Jeffress, L. A. (1948). “A place theory of sound localization.” Journal of Comparative and Physiological Psychology 41(1), 35-39. DOI 10.1037/h0061495
Lapicque, L. (1907). “Recherches quantitatives sur l’excitation électrique des nerfs traitée comme une polarisation.” Journal de Physiologie et de Pathologie Générale 9, 620-635. Annotated translation, Brunel & van Rossum, 2007, DOI 10.1007/s00422-007-0189-6
Maass, W. (1997). “Networks of spiking neurons: the third generation of neural network models.” Neural Networks 10(9), 1659-1671. DOI 10.1016/S0893-6080(97)00011-7

To go further

Gerstner, W., Kistler, W. M., Naud, R. & Paninski, L. (2014). Neuronal Dynamics. Cambridge University Press.
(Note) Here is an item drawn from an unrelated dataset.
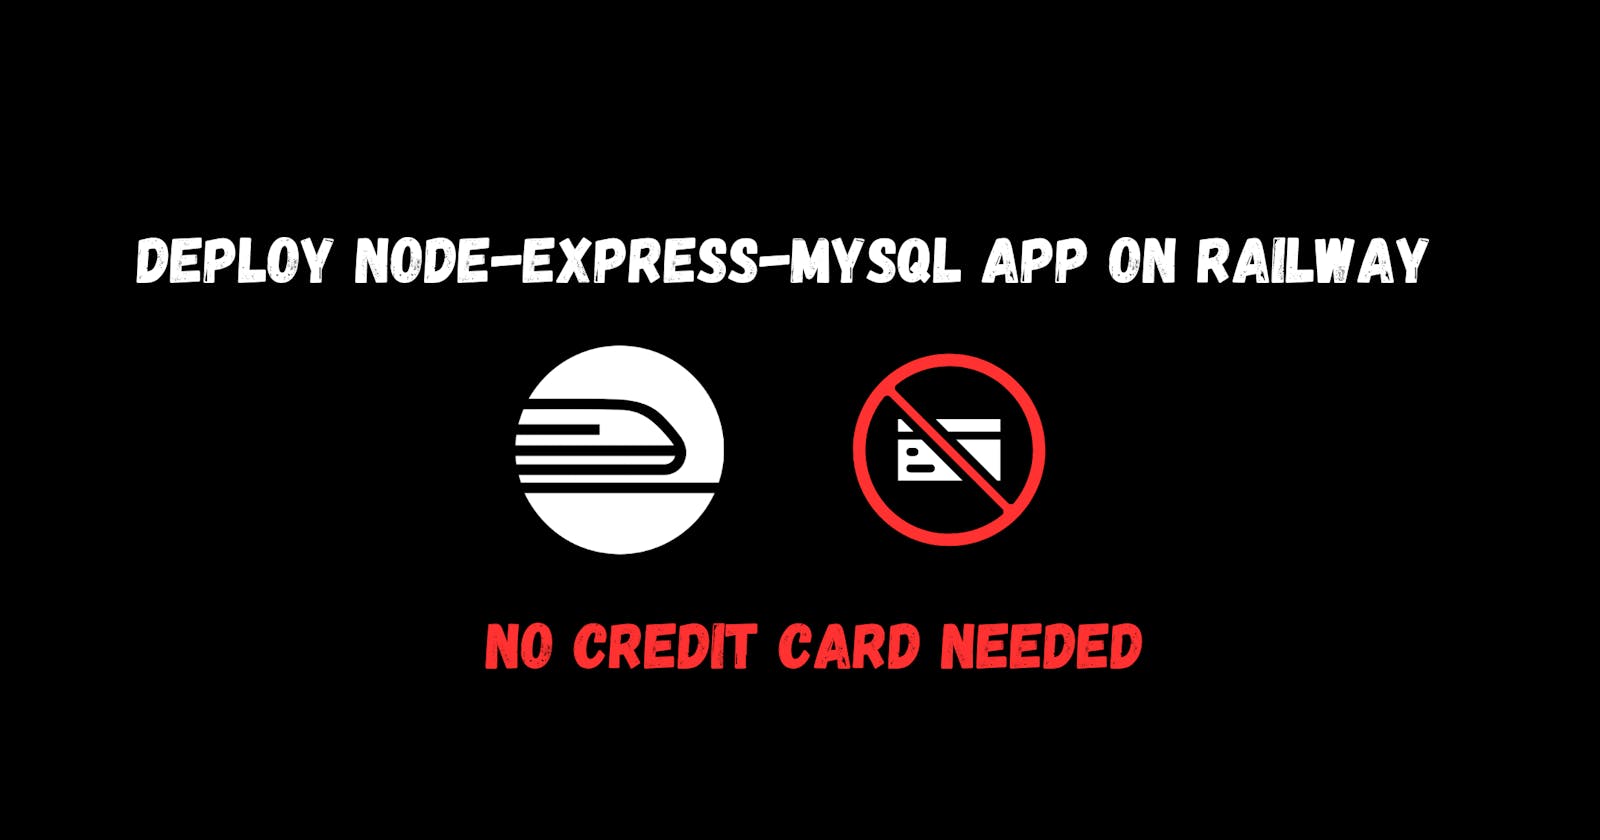 Deploy Node-Express-MySQL app on Railway for free (no credit card required)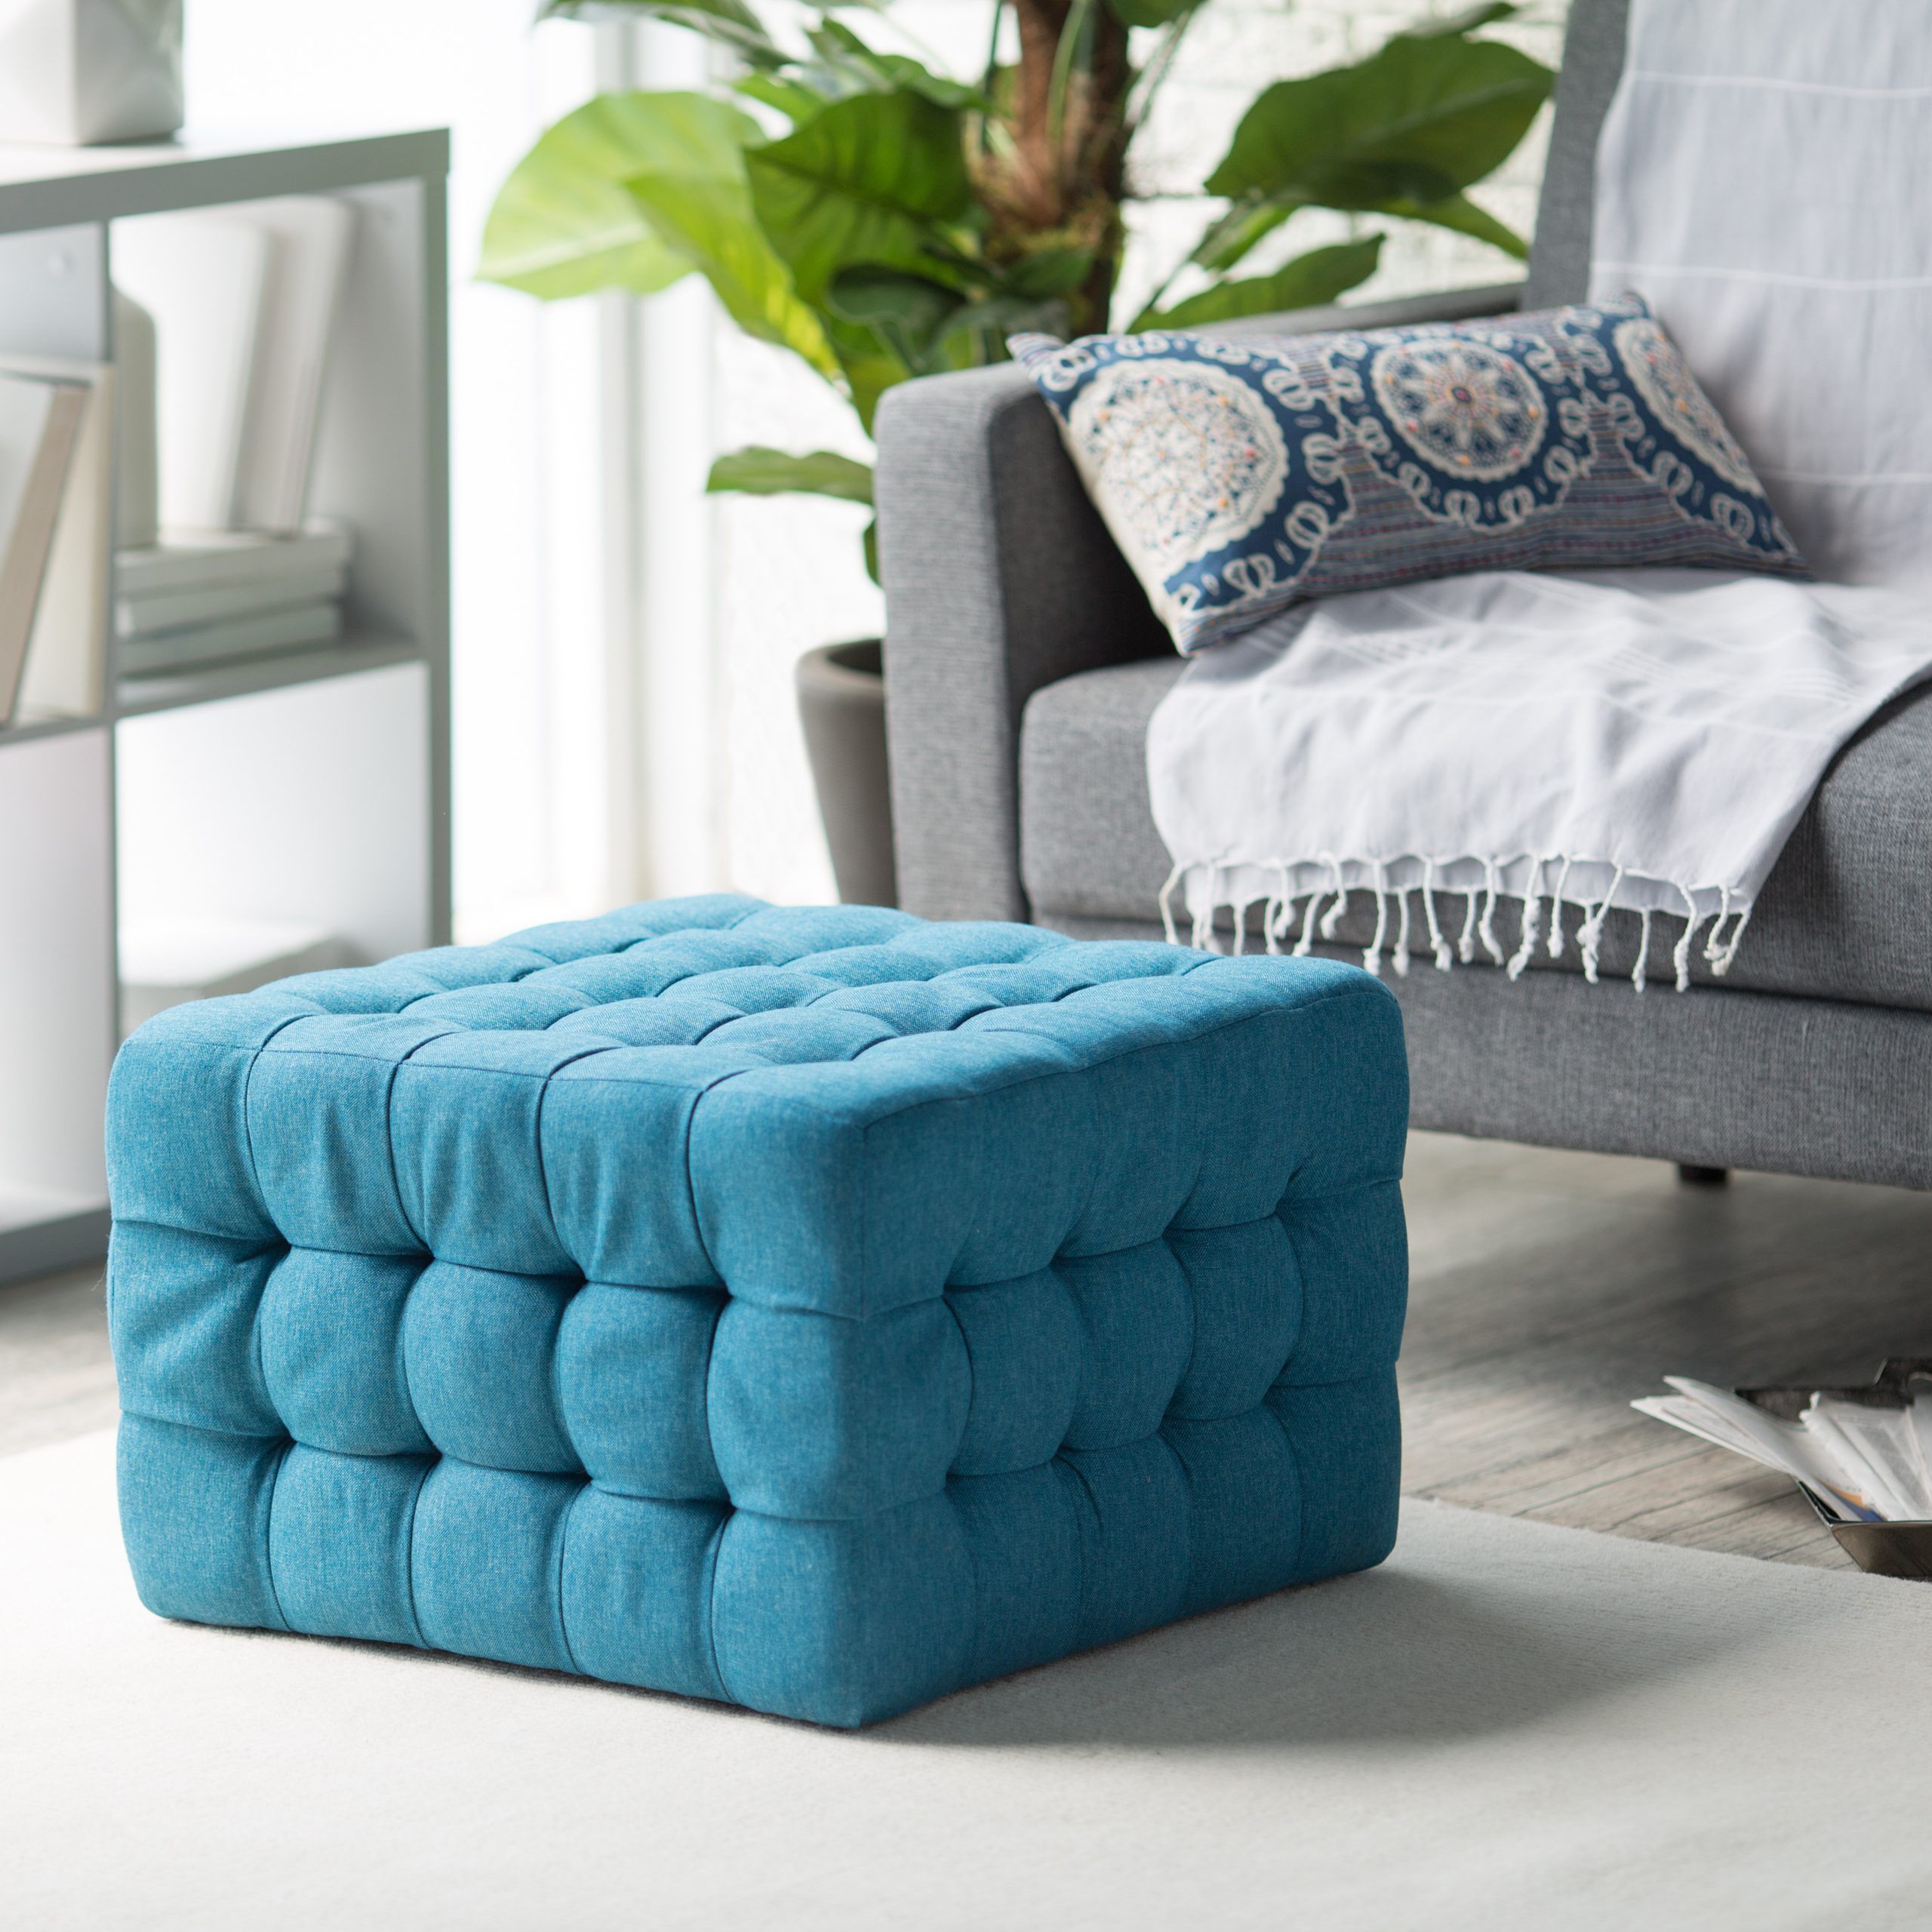 Well Known Green Fabric Square Storage Ottomans With Pillows Within Belham Living Allover Tufted Square Ottoman – Teal – Ottomans At Hayneedle (View 5 of 10)

Chapter 1 on the integrate-and-fire model. neuronaldynamics.epfl.ch
Carr, C. E. & Konishi, M. (1990). “A circuit for detection of interaural time differences in the brain stem of the barn owl.” Journal of Neuroscience 10(10), 3227-3246. DOI 10.1523/JNEUROSCI.10-10-03227.1990

Quiz

1. Why can the foundations neuron not measure a time gap between two inputs?
2. What is the membrane potential of a stateful neuron for?
3. In the recurrence v(t+1) = λ·v(t) + I(t), what happens if λ = 0?
4. What is coincidence detection?
5. What is the output of a spiking neuron?